Kevin cambió las coordenadas de la cuadrícula que estaba en la pantalla para ver una sección específica del macizo de piedra caliza. Luego indicó al ordenador que rastreara la actividad de su propio doble, el ejemplar número uno.

Melanie miró cómo el punto rojo trazaba una figura geométrica y luego desaparecía. De inmediato reapareció en el mismo punto y trazó una segunda figura. Por fin una secuencia similar se repitió por tercera vez.

– Parece que estás en lo cierto -dijo ella-. Sin duda parece que tu doble entra y sale de las rocas.

– Cuando vayamos allí, creo que deberíamos visitar a nuestros dobles.

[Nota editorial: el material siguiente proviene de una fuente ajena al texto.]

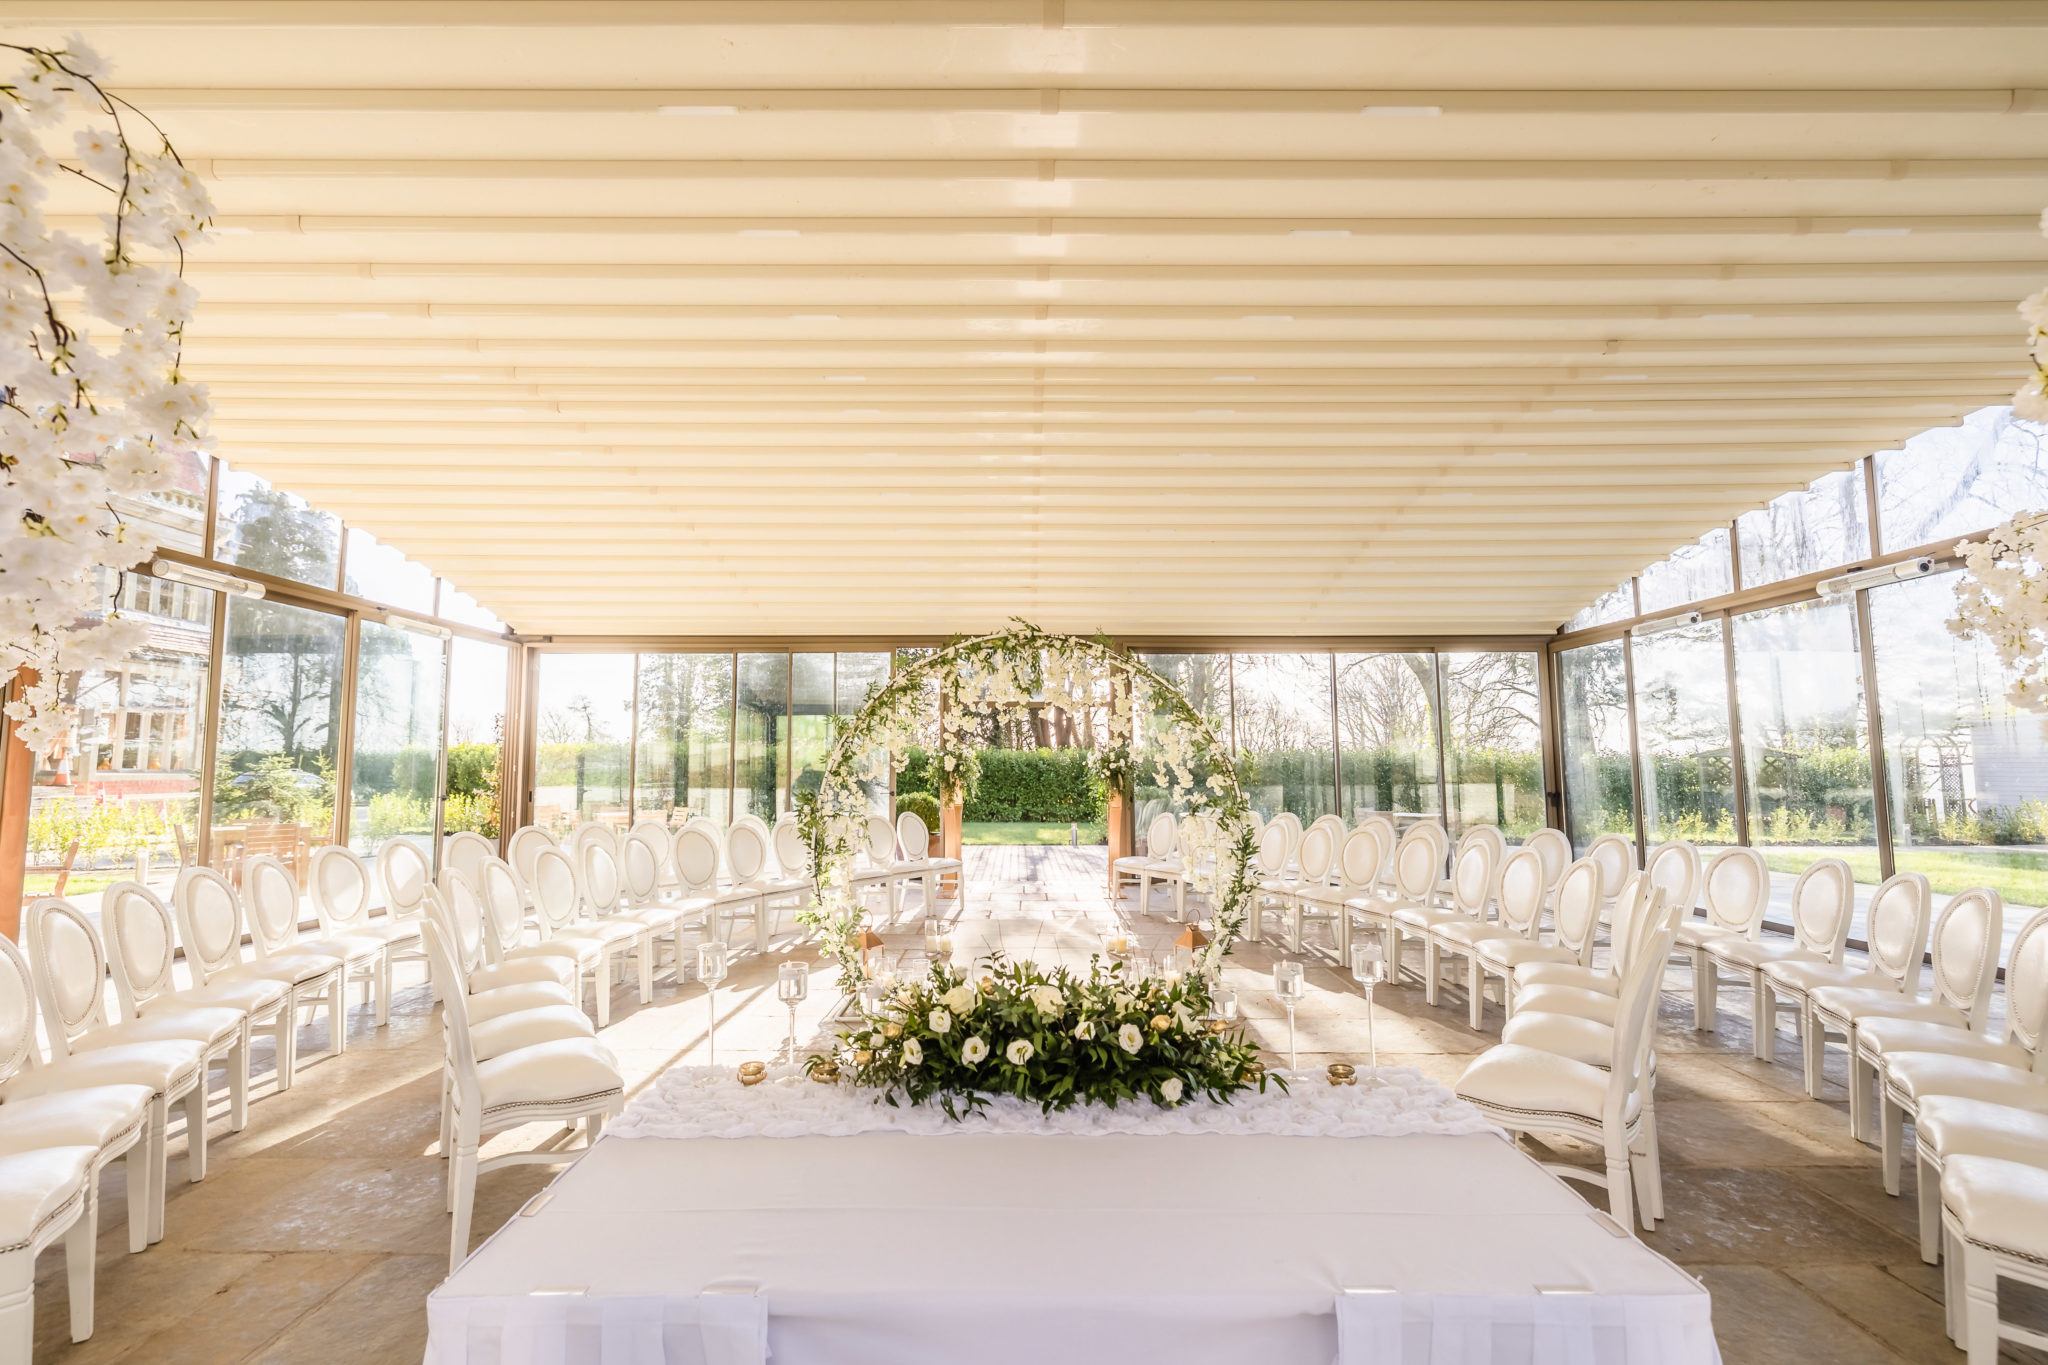 Our beautiful new Folly, a dazzling panoramic glasshouse with retractable roof in for you to say "I Do" outside in our garden with that indoors comfort. 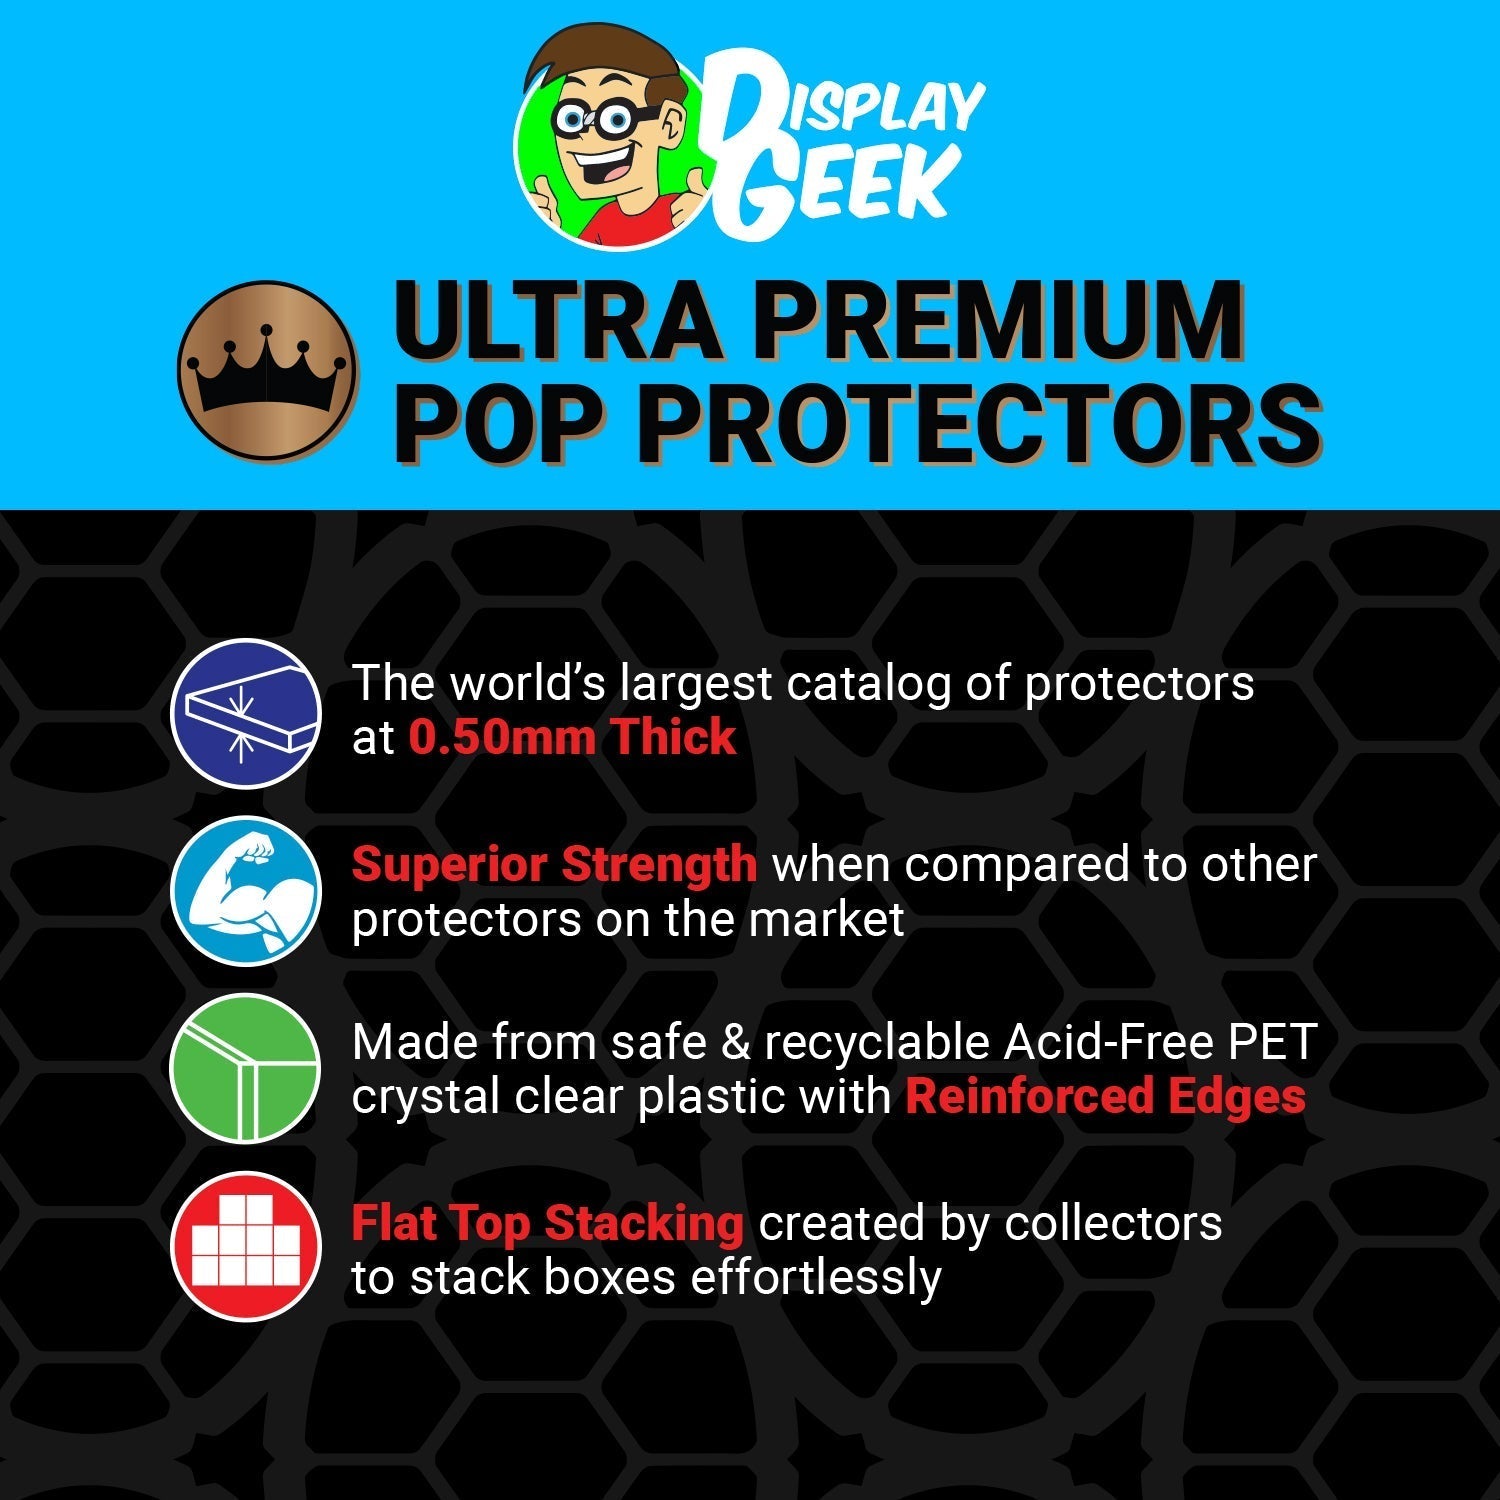 Pop Protector for All Might Funko Pop Pez - PPG Pop Protector Guide Search Created by Display Geek

Son los ejemplares más antiguos, y si algunos de estos bonobos transgénicos se comportan como protohumanos, deberían ser ellos.

Melanie hizo un gesto de asentimiento.

– La idea de ver a mi doble me pone la carne de gallina.

Además, no tendremos mucho tiempo y, dada la superficie de dieciocho kilómetros cuadrados de la isla, será muy difícil encontrar un ejemplar específico.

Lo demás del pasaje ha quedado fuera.